Is protease a protein?

Proteases, being themselves proteins, are cleaved by other protease molecules, sometimes of the same variety. This acts as a method of regulation of protease activity. Some proteases are less active after autolysis (e.g. TEV protease) whilst others are more active (e.g. trypsinogen).

How do you purify TEV protease?

The His-tagged TEV protease can be purified in two steps using immobilized metal affinity chromatography (IMAC) followed by gel filtration.

Where does TEV protease cleave?

It is also relatively easy to overproduce and purify large quantities of the enzyme. What is the cleavage site for TEV protease? TEV protease recognizes a linear epitope of the general form E-Xaa-Xaa-Y -Xaa-Q-(G/S), with cleavage occurring between Q and G or Q and S. The most commonly used sequence is ENLYFQG.

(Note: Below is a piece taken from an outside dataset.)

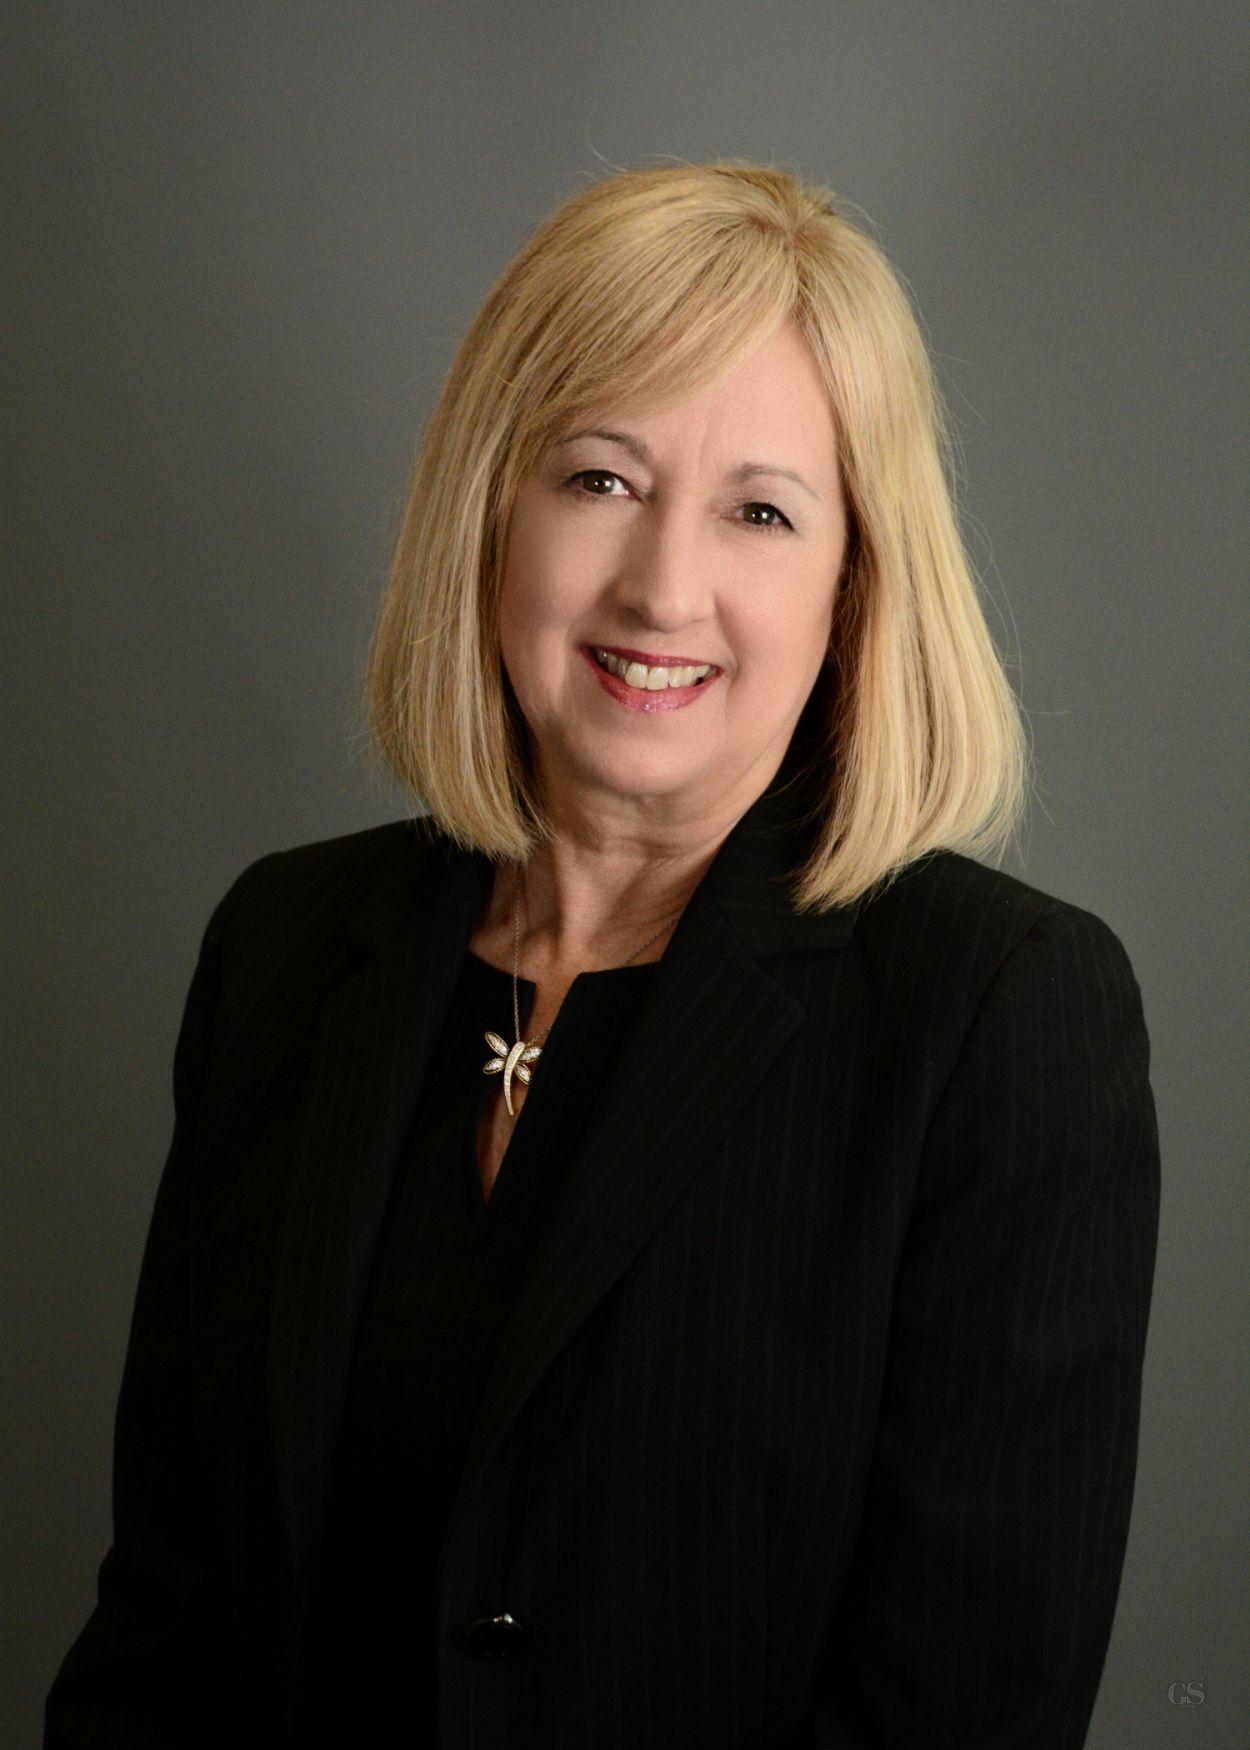 Cynthia E Rolfe, Ph.D

What is Flag tag sequence?

The Flag® tag, also known as the DYKDDDDK-tag, is a popular protein tag that is commonly used in affinity chromatography and protein research for over 20 years now (6,7,8,9,10,11). As its second name suggests the tag consists of an amino acid sequence DYKDDDDK. (D=Aspartic acid; K=Lysine; Y=Tyrosine).

How do you remove a protein tag?

The tag may be removed by cleavage of a protease site placed between the target protein and the affinity tag, followed by a step to separate the protein and affinity tag.